CVX surges amid persistent buyer control, MACD and RSI bullish, eyes resistance near $190–$195 – weekly report
Chevron Corporation (CVX) closed the week at $185.39, slipping 0.25% from the previous week's open at $184.04, trading near the upper end of its recent range. The price remains firmly above the weekly MA-20 ($173.17), MA-50 ($160.93), and MA-200 ($152.92), reinforcing a strong bullish bias across all major moving averages on the weekly timeframe.
Highlights
- Chevron is in a firmly bullish trend with price at $185.39, trading well above MA-20 ($173.17), MA-50 ($160.93), and MA-200 ($152.92).
- Overbought conditions are evident as RSI hits 78.00, Stochastic RSI exceeds 91, and CCI reaches 140, signaling short-term fatigue risk.
- Expected 5-day price range is $182.00–$190.50; a close above $190.50 may target $195, while a drop below $182 increases cooling risk.
Libya entry and dividend hike drive sentiment and reinforce financial strength
Chevron has been awarded an exploration license for Contract Area 106 in Libya's Sirte Basin through the nation's first oil and gas licensing round in almost twenty years, officially marking its entry into this region. The company signed a memorandum of understanding with Libya's National Oil Corporation to assess the area's exploration potential. Chevron also reported an increased dividend for the 38th consecutive year, highlighting its solid financial position.

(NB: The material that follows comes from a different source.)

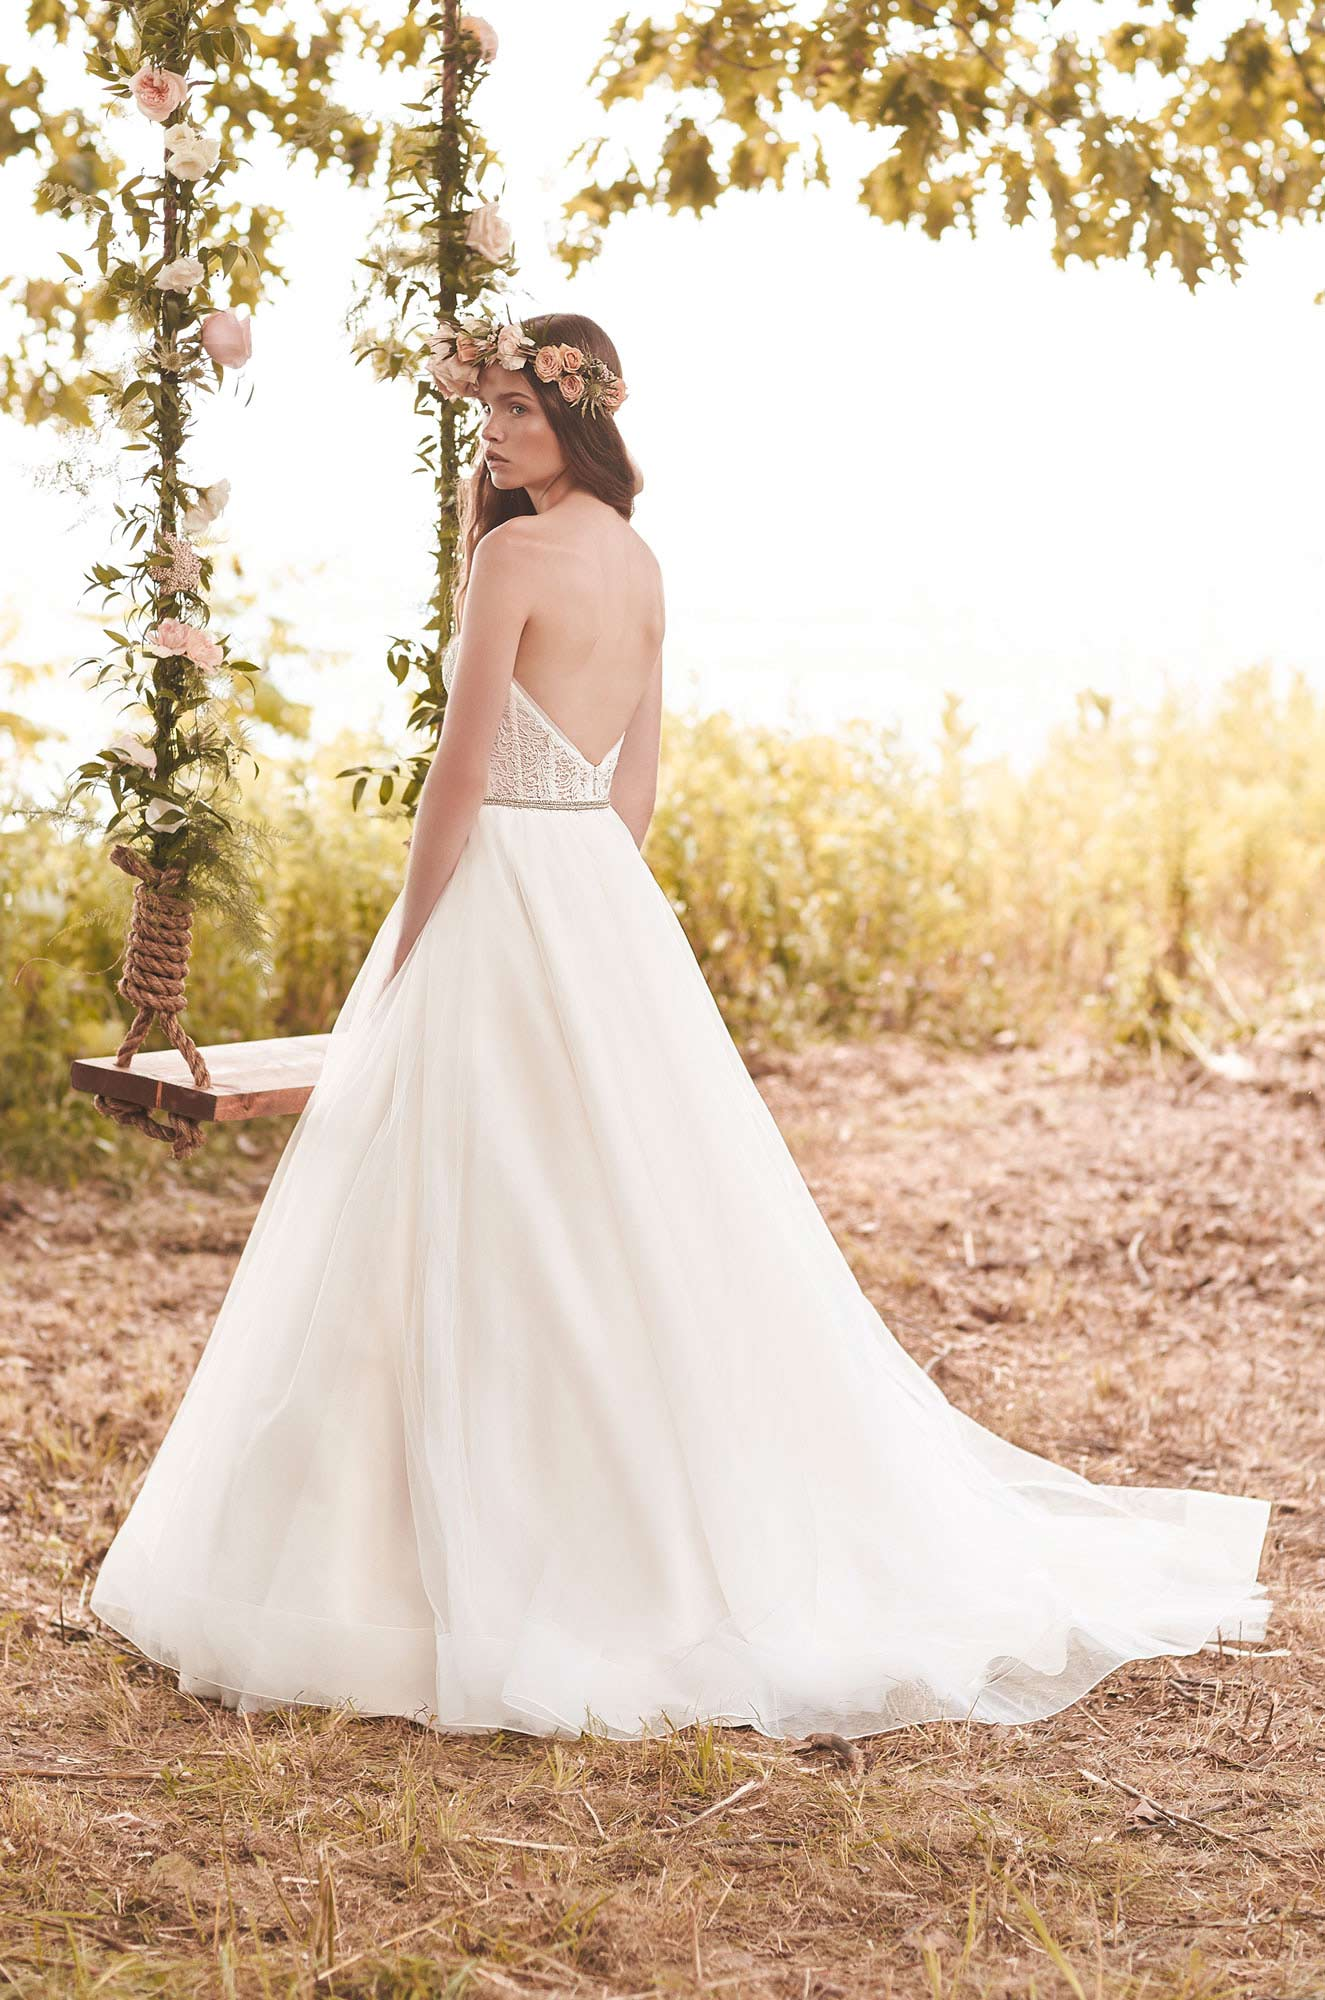 Corset Bodice Wedding Dress   Style  2065   Mikaella Bridal. Corset Bodice Wedding Dress. Home Design Ideas

Overbought momentum intensifies as technical signals sustain bullish leadership
On the weekly chart, Chevron sustains a robust uptrend as it holds well above all major moving averages: MA-20 ($173.17), MA-50 ($160.93), and MA-200 ($152.92). Dynamic support is established by the Ichimoku Kijun at $170.70, while resistance emerges in the $190–$195 zone, defined by recent highs. Momentum readings remain bullish, as shown by strong MACD and ADX signals, with oscillators (RSI at 78.00, Stochastic RSI above 91, and CCI at 140) clustering in overbought territory. Bull/Bear Power highlights sustained buyer control, though Awesome Oscillator provides a neutral signal, and persistent overbought conditions may indicate short-term fatigue.
Consolidation likely next week as breakout risk remains to upside
Chevron is expected to trade within a range of $182.00 to $190.50 over the next week, reflecting ongoing volatility and consolidation. The probability of further upside remains high — above 80% — based on the unanimous bullish signals from RSI, MACD, and the MA-50 on the weekly chart. The baseline scenario calls for consolidation between $182 and $190.50, while a close above $190.50 could prompt a move toward $195. Alternatively, a breakdown below $182 may trigger a pullback toward support at the MA-20 and Ichimoku Kijun, signaling a possible pause in momentum.
Previously it was reported that Chevron Corporation is exhibiting strong bullish momentum, currently trading well above its short-, medium-, and long-term moving averages, with both MACD and ADX confirming a sustained uptrend while the RSI and other oscillators indicate overbought conditions. Dynamic support is established near the Ichimoku Kijun level, and despite persistent buying pressure and new highs fueled by operational recovery and global deals, overbought signals suggest the potential for a near-term pause.